Product discovery is the process of reducing risk before committing to full development. Teams that skip it build confidently — and wrong.

Product Discovery: How to Build the Right Thing Before Building It Right
ArticlePriya Venkataraman·

Product discovery is the set of activities that determine what to build before committing engineering resources to build it. It is the antidote to the most expensive mistake in product development: building the wrong thing well. A team of ten engineers working for six months on a product that users do not want has wasted five person-years of highly skilled labour. Four weeks of structured discovery that reveals the mismatch before development begins is the highest-ROI investment in the product development lifecycle.

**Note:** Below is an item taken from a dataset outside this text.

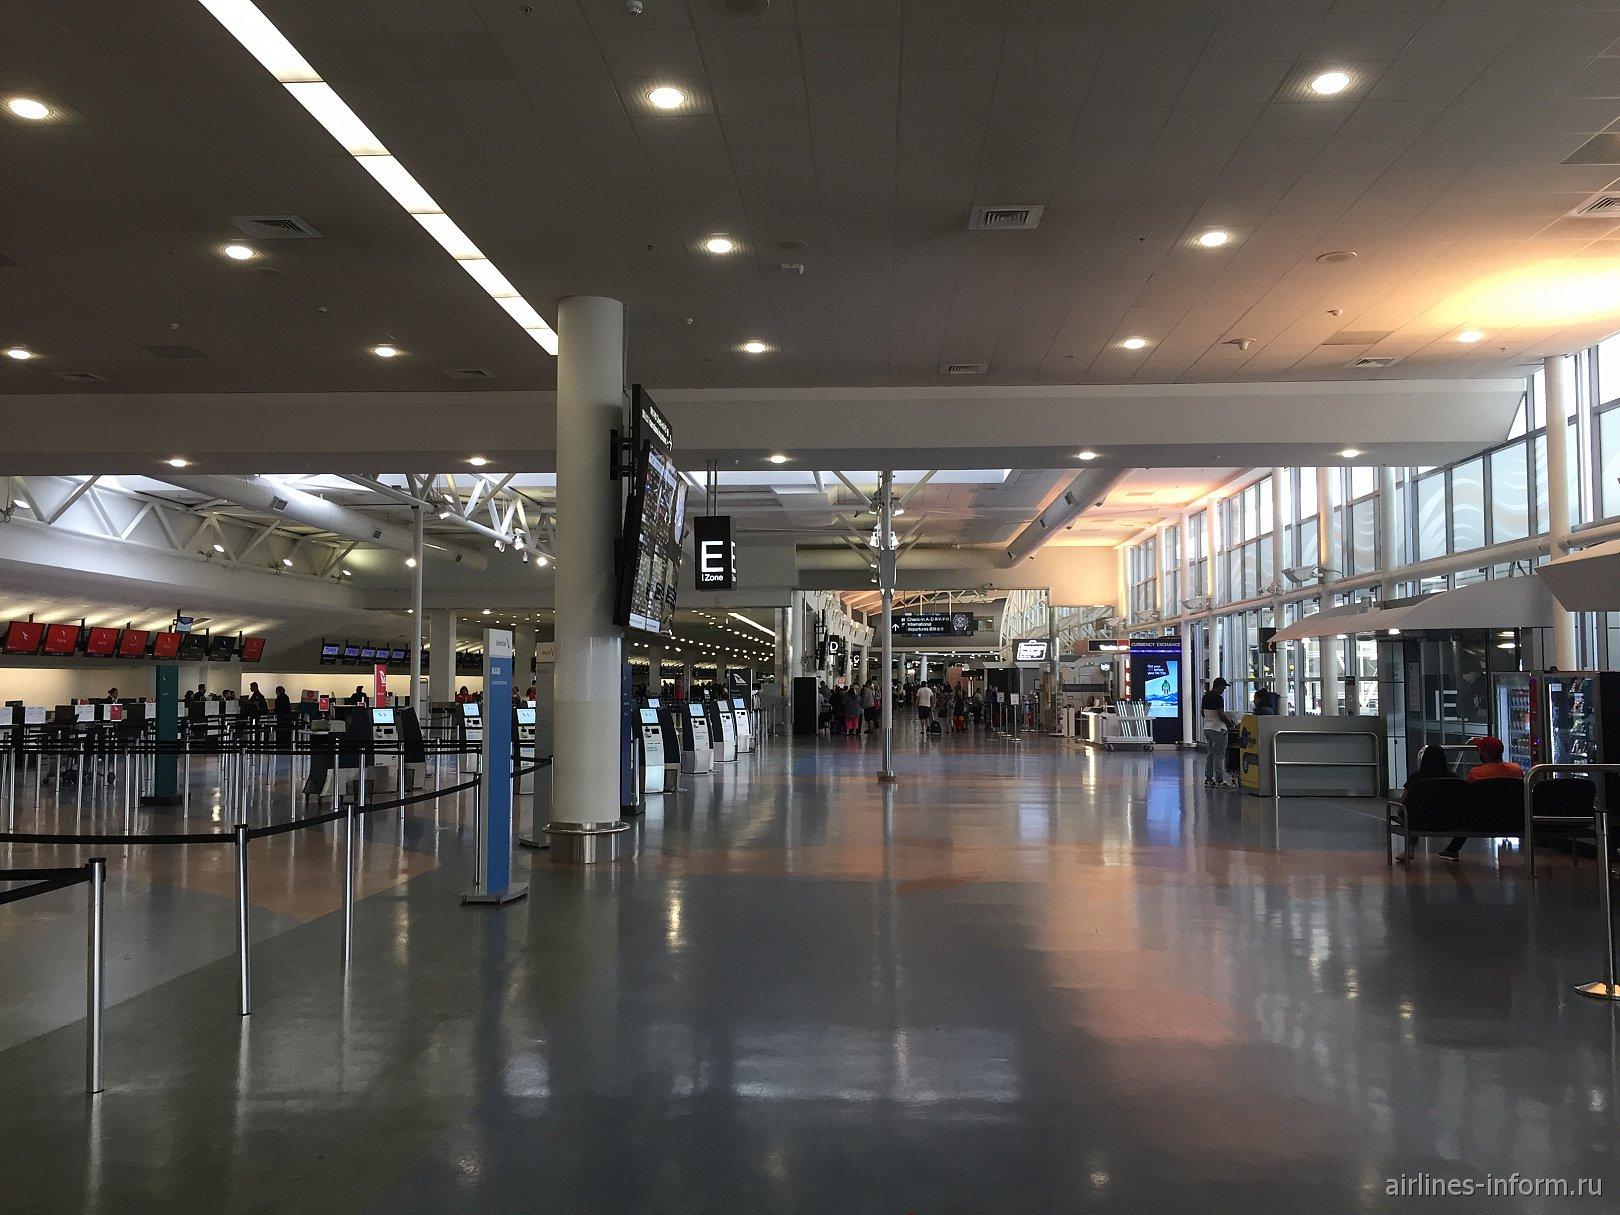 В международном терминале аэропорта Окленд, Новая Зеландия

Discovery operates in three risk categories. Value risk: will users want this? Usability risk: will they be able to use it? Feasibility risk: can we build it? Business viability risk: should we build this? Each requires different discovery techniques.

For value risk, there is no substitute for talking to potential users early and often. Not showing them what you plan to build and asking "would you use this?" — the answer is almost always yes, because it is socially awkward to say no. Instead, understanding their current behaviour: what do they do today, what frustrates them, what solutions have they tried and abandoned. The target customer who has already tried multiple inadequate solutions to a problem is your best early adopter.

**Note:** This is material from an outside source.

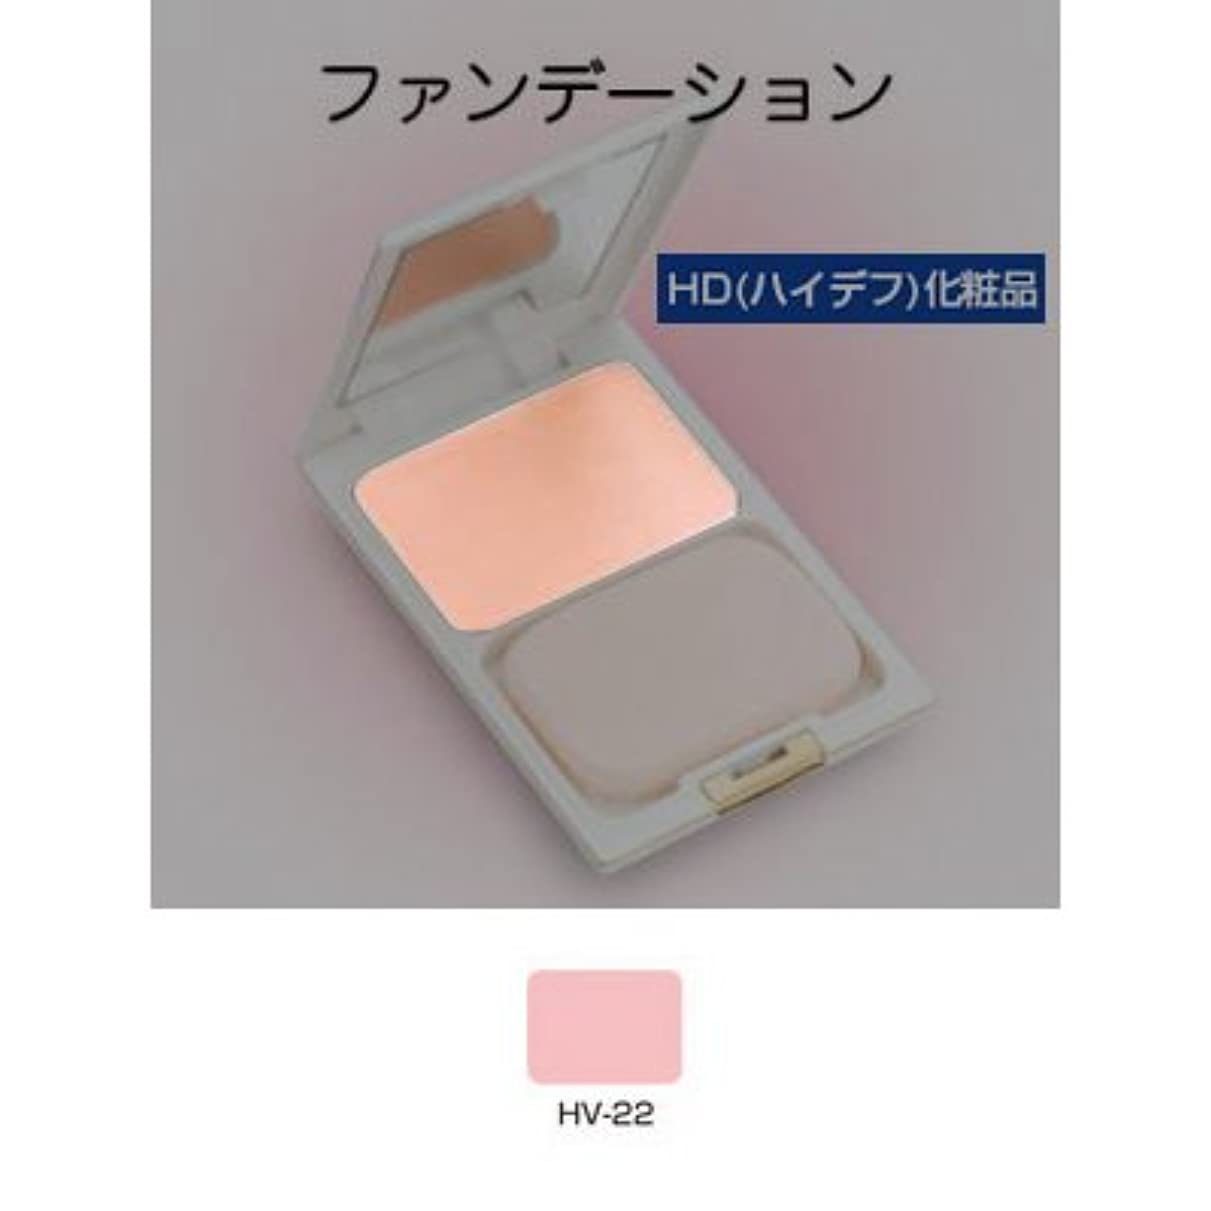 電球普及ペネロペシャレナ パウダリィファンデーション レフィール 13g HV-22 【三善】

Prototyping is the primary technique for testing usability before building. A clickable Figma prototype that simulates the key user journeys can be tested with five to ten potential users in a few hours, revealing where the proposed design confuses or frustrates users before a line of code is written. The rule of thumb is that five users reveal eighty percent of usability issues.

Feasibility spikes — time-boxed technical investigations where engineers explore whether a specific technical approach is viable — answer feasibility risk without committing to full implementation. A two-day spike that reveals a critical third-party API has unacceptable latency prevents six weeks of architecture built on a false assumption.